General Procedure for the Synthesis of Compounds 1
A solution of compound 2 (2 mmol) in THF (60 mL) was treated with with freshly generated borane. The solution was refluxed for 1 h, cooled, and treated with MeOH. The solvent was then eliminated in vacuo. The residue was refluxed with 10% HCl (60 mL), filtered and made alkaline with 10% aq NaOH. The alkaline mixture was extracted with CH2Cl2 (2  40 mL).

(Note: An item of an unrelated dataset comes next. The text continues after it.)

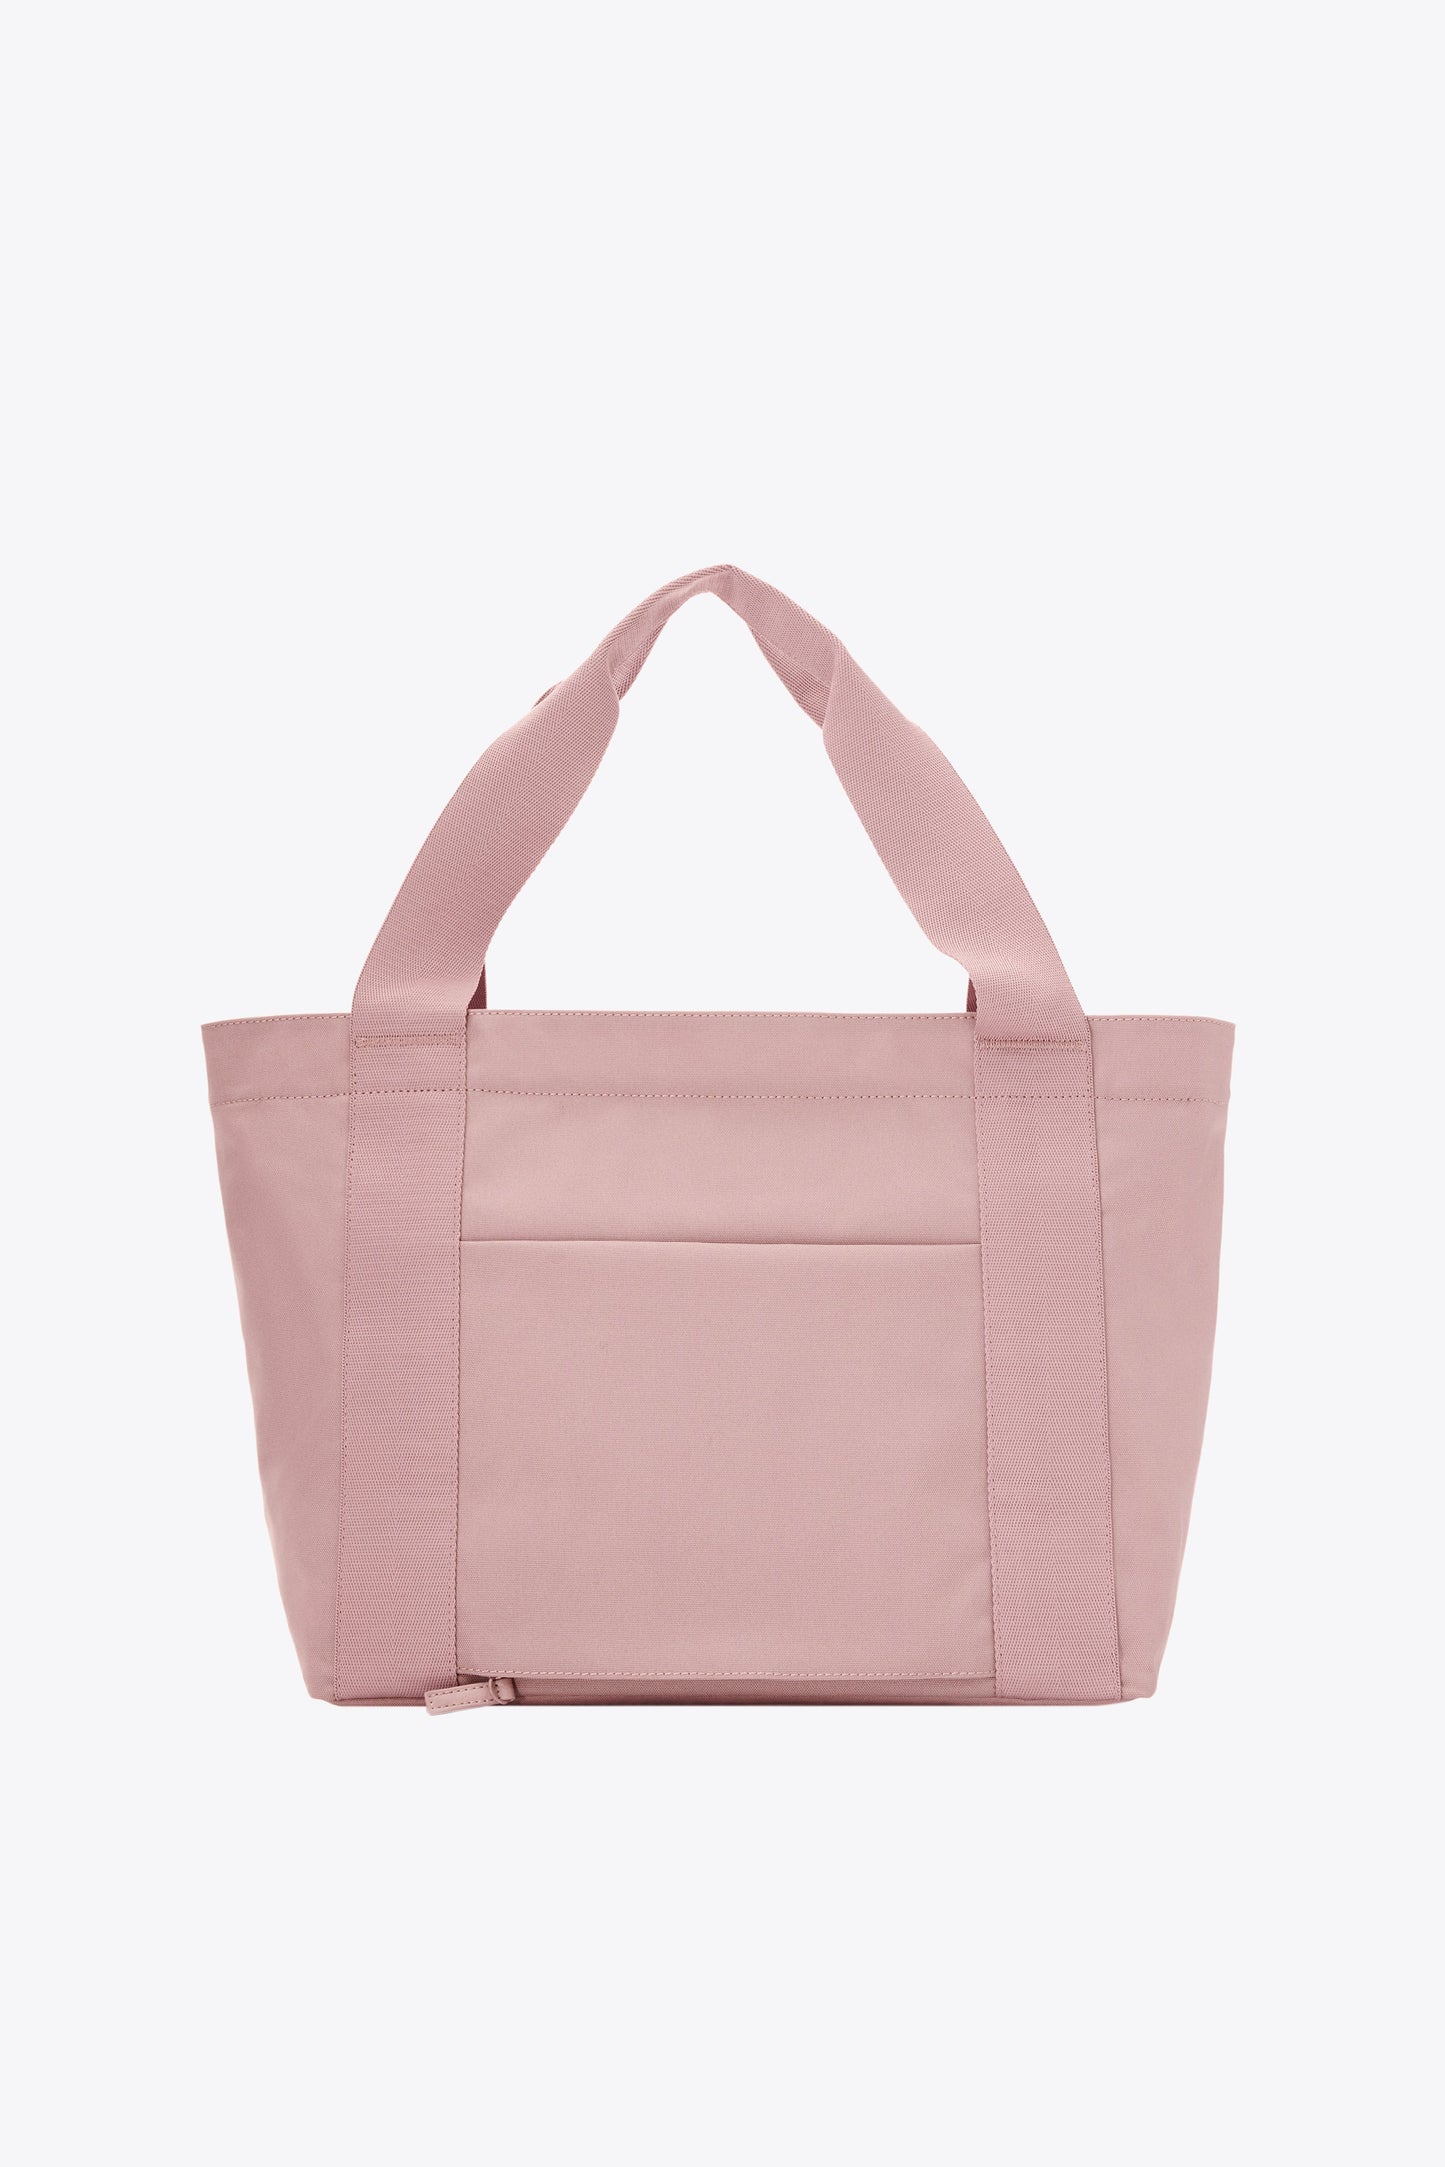 The BÉISics Tote in Atlas Pink

The organic phase was washed with H2O (10 mL), dried over Na2SO4, and filtered. The solvent was eliminated in vacuo. The crude product was purified by column chromatography (SiO2, CH2Cl2-2-PrNH2).
Spectral and Analytical Data for Selected Compounds N-Phenyl-1,4-butanediamine (1a) was obtained as an oil (80%). ¹H NMR (300 MHz, CDCl3): δ = 7.15-7.20 (2 H, m), 6.69 (1 H, tt, J = 7.3, 1.0 Hz), 6.60 (2 H, td, J = 7.5, 1.0 Hz), 3.13 (2 H, t, J = 6.8 Hz), 2.77 (2 H, t, J = 6.7 Hz), 2.45 (2 H, br s), 1.56-1.70 (4 H, m). ¹³C NMR (75 MHz, CDCl3): δ = 148.37, 129.19, 117.17, 112.69, 43.72, 41.64, 30.63, 26.83. Anal. Calcd for C10H16N2: C, 73.13; H, 9.82; N, 17.06. Found: C, 73.06; H, 9.85; N, 17.01.

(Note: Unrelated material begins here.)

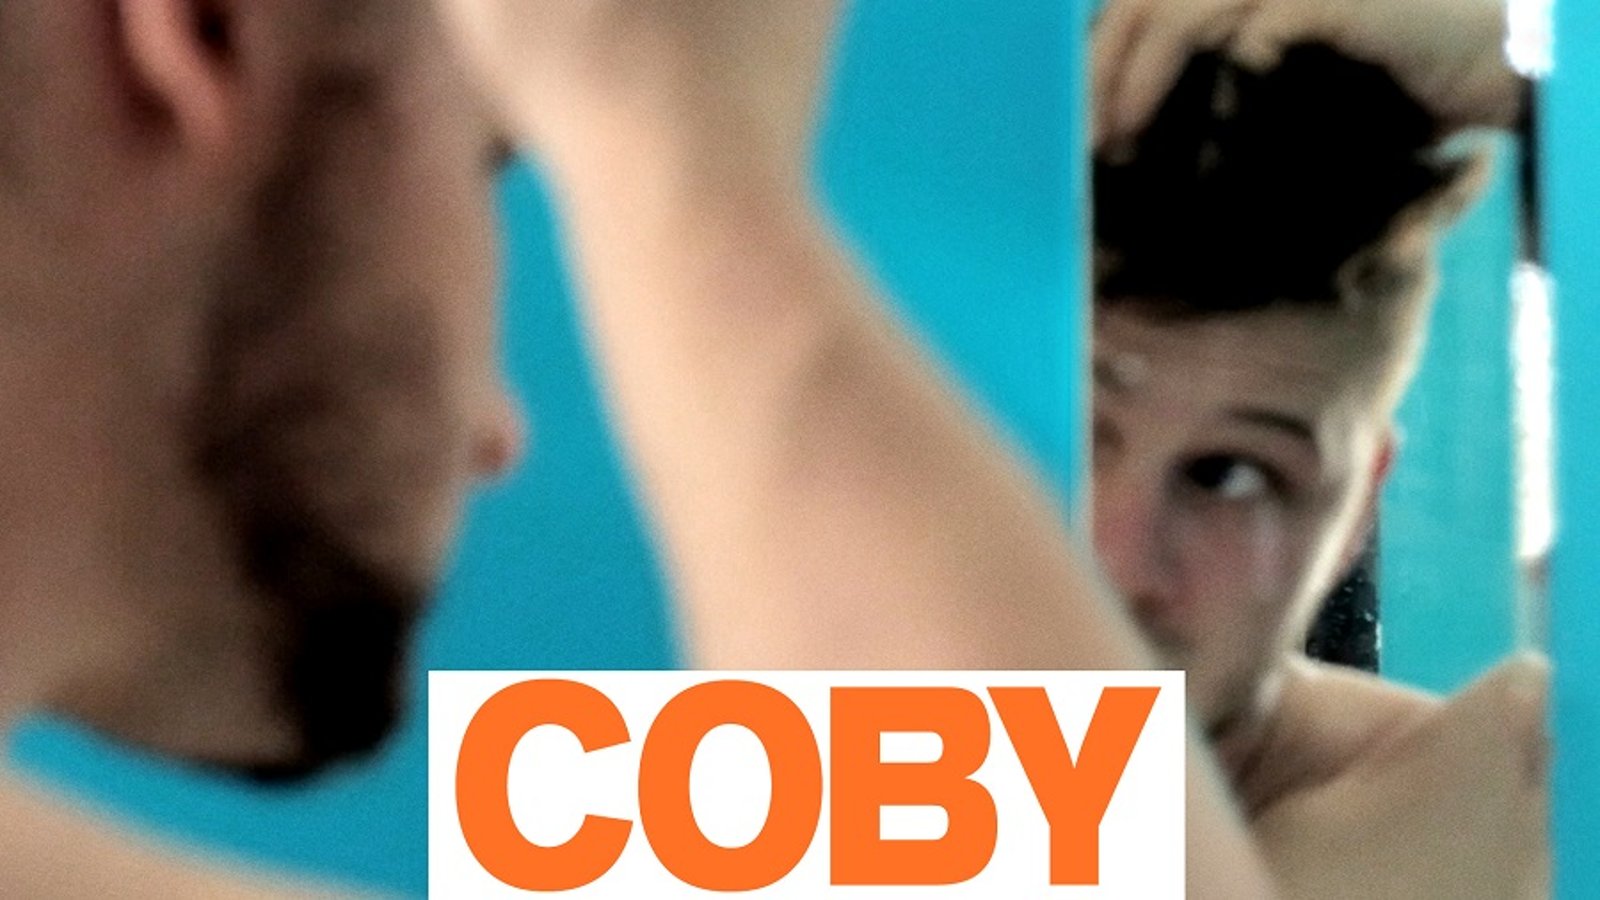 Coby - A Personal Tale of Gender Transition in the American Midwest

N-(Phenyl)-1,5-pentanediamine (1i) was obtained as an oil (82%). ¹H NMR (300 MHz, CDCl3): δ = 7.14-7.17 (2 H, m), 6.68 (1 H, dt, J = 7.9, 0.9 Hz), 6.60 (2 H, dd, J = 7.9, 0.9 Hz), 3.11 (2 H, t, J = 7.0 Hz), 2.71 (2 H, t, J = 6.7 Hz), 1.85 (2 H, br s), 1.53-1.70 (4 H, m), 1.37-1.52 (2 H, m). ¹³C NMR (75 MHz, CDCl3): δ = 144.90, 125.68, 113.59, 109.13, 40.33, 38.41, 29.71, 25.85, 20.90. Anal. Calcd for C11H18N2: C, 74.11; H, 10.18; N, 15.71. Found: C, 74.01; H, 10.21; N, 15.67.
Spectral and analytical data of compounds 1b-h,j-l are available as Supporting Information.